The Beijing No. 1 Intermediate People’s Court denied an appeal filed by Bitcoin mining firm Bitmain that sought over 210 million yuan (approximately $30 million) in damages from its rival Poolin, according to a court filing made public this week.
Poolin and Bitmain have been locked in a fierce legal battle since 2019. In 2017, three former employees of Bitmain-owned mining pool BTC.com, Pan Zhibiao, Li Tianzhao, and Zhu Fa, left the company to launch their own mining operation, Poolin, which quickly became one of the world’s largest mining pools by total hash rate.
Soon after, Bitmain accused the three of violating a non-compete agreement - which disallowed any former employee from entering a business that directly affected Bitmain’s operations and profits - and launched a legal case.

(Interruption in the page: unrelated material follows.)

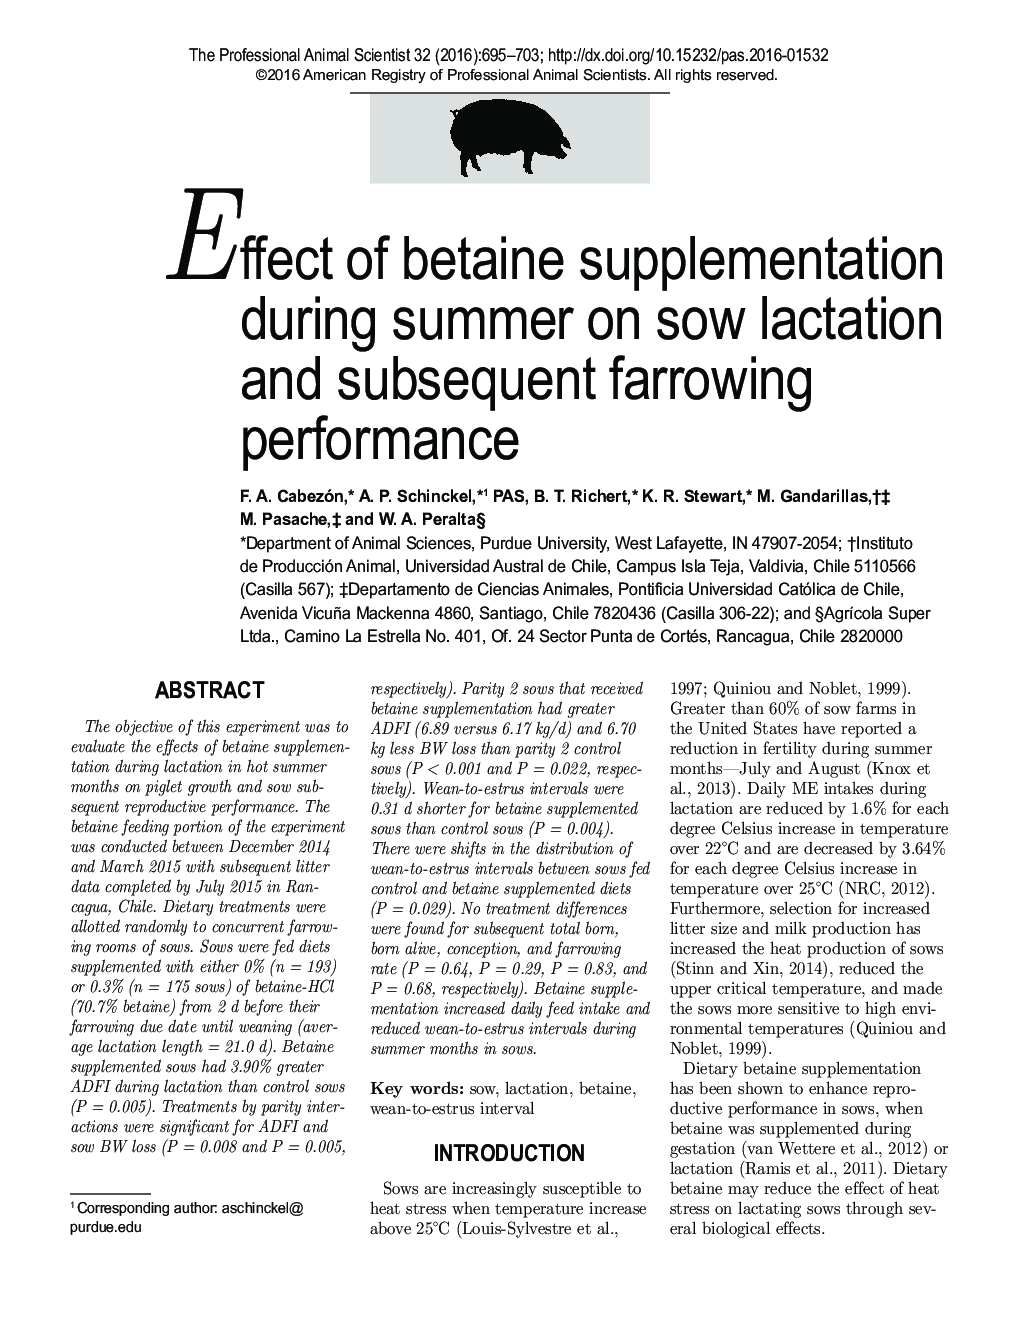 Effect of betaine supplementation during summer on sow lactation and subsequent farrowing performance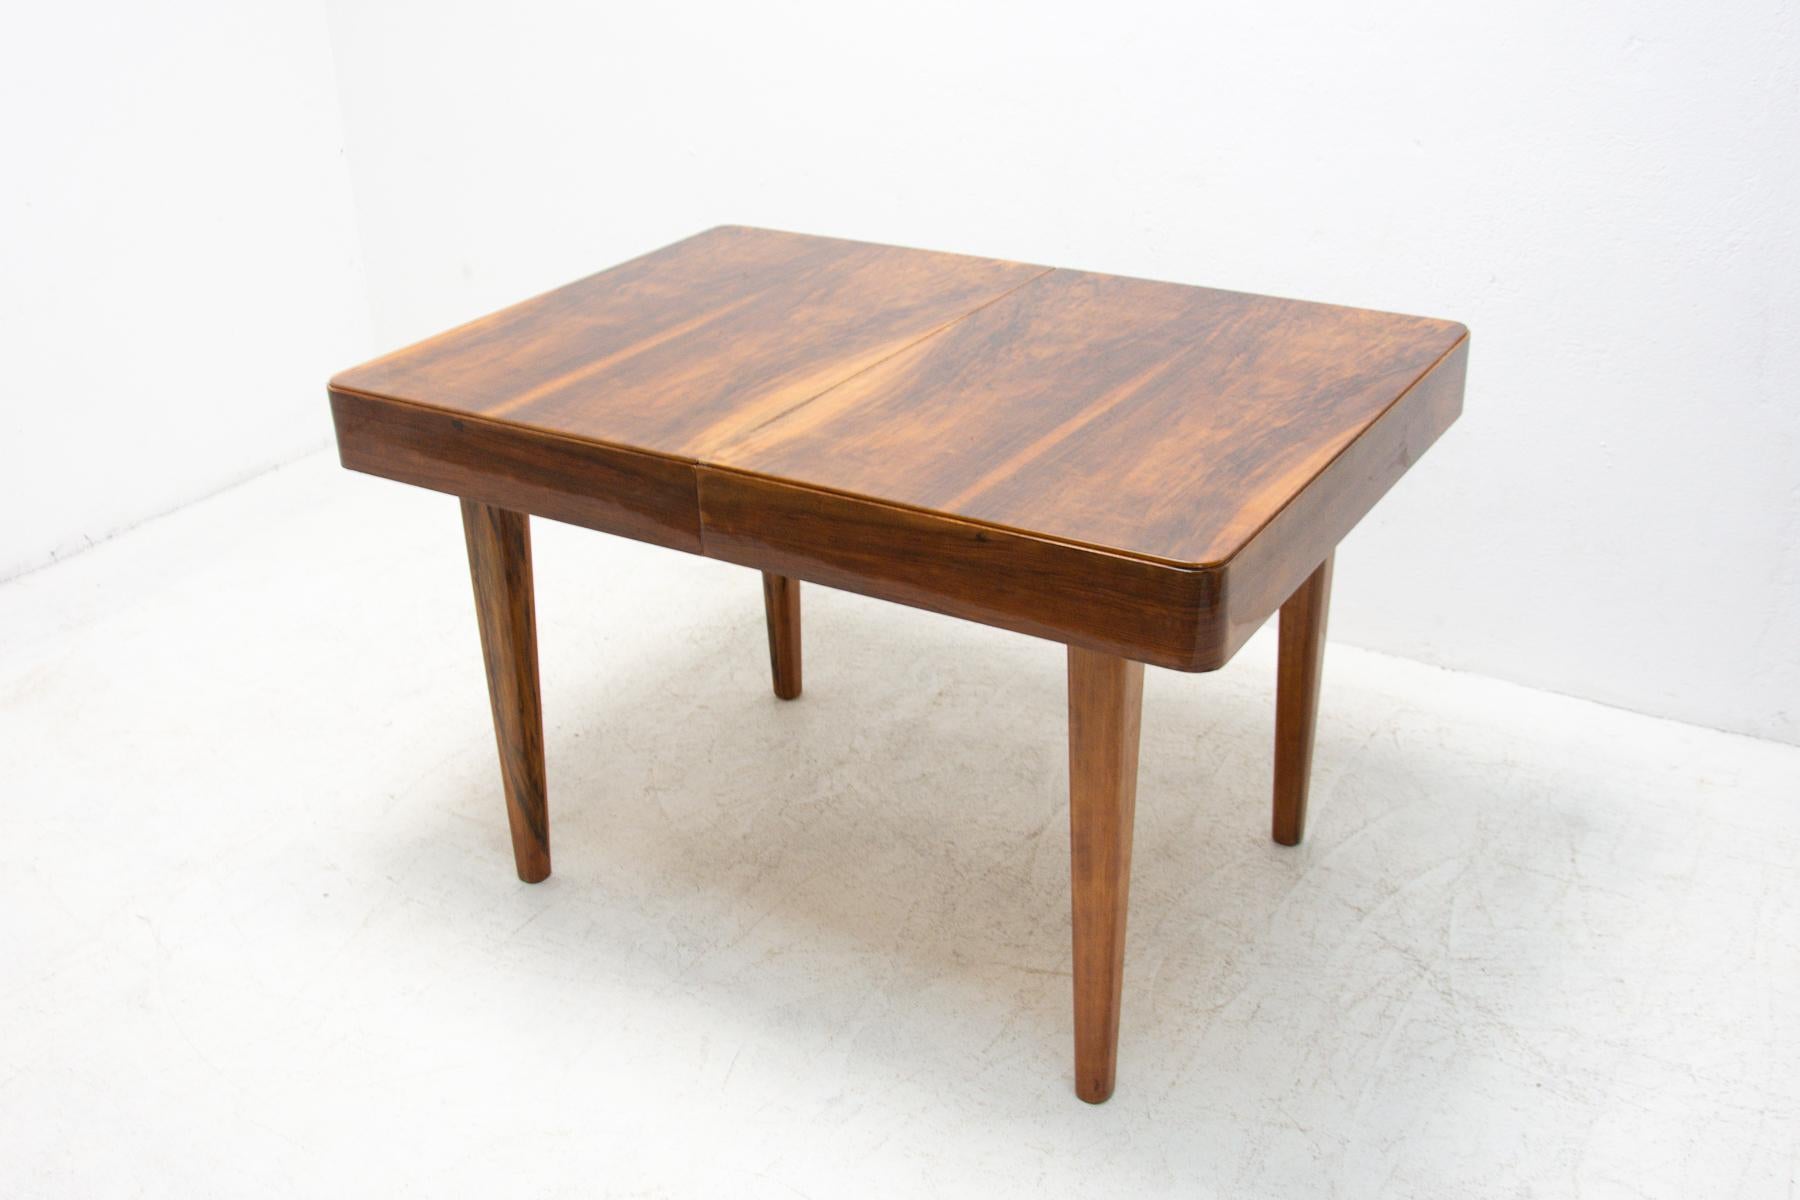 This adjustable dining table was made in the 1950s in the former Czechoslovakia. It was designed by Jindrich Halabala for ÚP Závody Brno. The material is a combination of solid wood and walnut veneer. The table is in excellent condition, fully

At the time, Bitmain claimed a total of $4.3 million from Poolin to compensate for alleged damages to the profitability of BTC.com. Later, as the case continued, Bitmain’s lawyers revised the alleged damages to $10 million each from the three Poolin co-founders.
The lawyers argued that the Poolin’s mining pool activity accounted for over 30% of the market share during the period of the trio’s non-compete and demanded an amount proportionate to the projected revenues, which allegedly totaled $30 million.
In response, Poolin’s lawyers countered that Bitmain’s market share had severely declined during the time period in question. This would mean that even if Poolin had not existed, Bitmain likely wouldn’t have been able to generate $30 million in revenue, as other rivalling pools would have taken the former mining giant’s share of the market.
In August, the Chinese court agreed with Poolin’s argument, adding that Bitmain had further failed to provide sufficient evidence for its alleged business losses. As per the court filing, Bitmain was subsequently denied its $30 million claim for damages.
However, the court did side with Bitmain’s appeal for increased fines for the Poolin co-founders. As a result, Zhibiao, Tianzhao, and Fa are now liable to pay a fine of $200,000, $178,000, and $154,000, respectively.
The revised fines are still higher than a judgment passed by the lower-level Beijing Haidian District Court in April, which required a lower fine at the time.
Rivals gaining market traction is another concern for Bitmain, said Thomas Heller, Chief Operating Officer of Bitcoin mining and media firm Hashr8. “These ongoing legal battles are a distraction for Bitmain. From a product and sales perspective, MicroBT has already caught up to and surpassed Bitmain, and MicroBT's professionalism will allow them to continue to do well,” Heller told the BTC Times.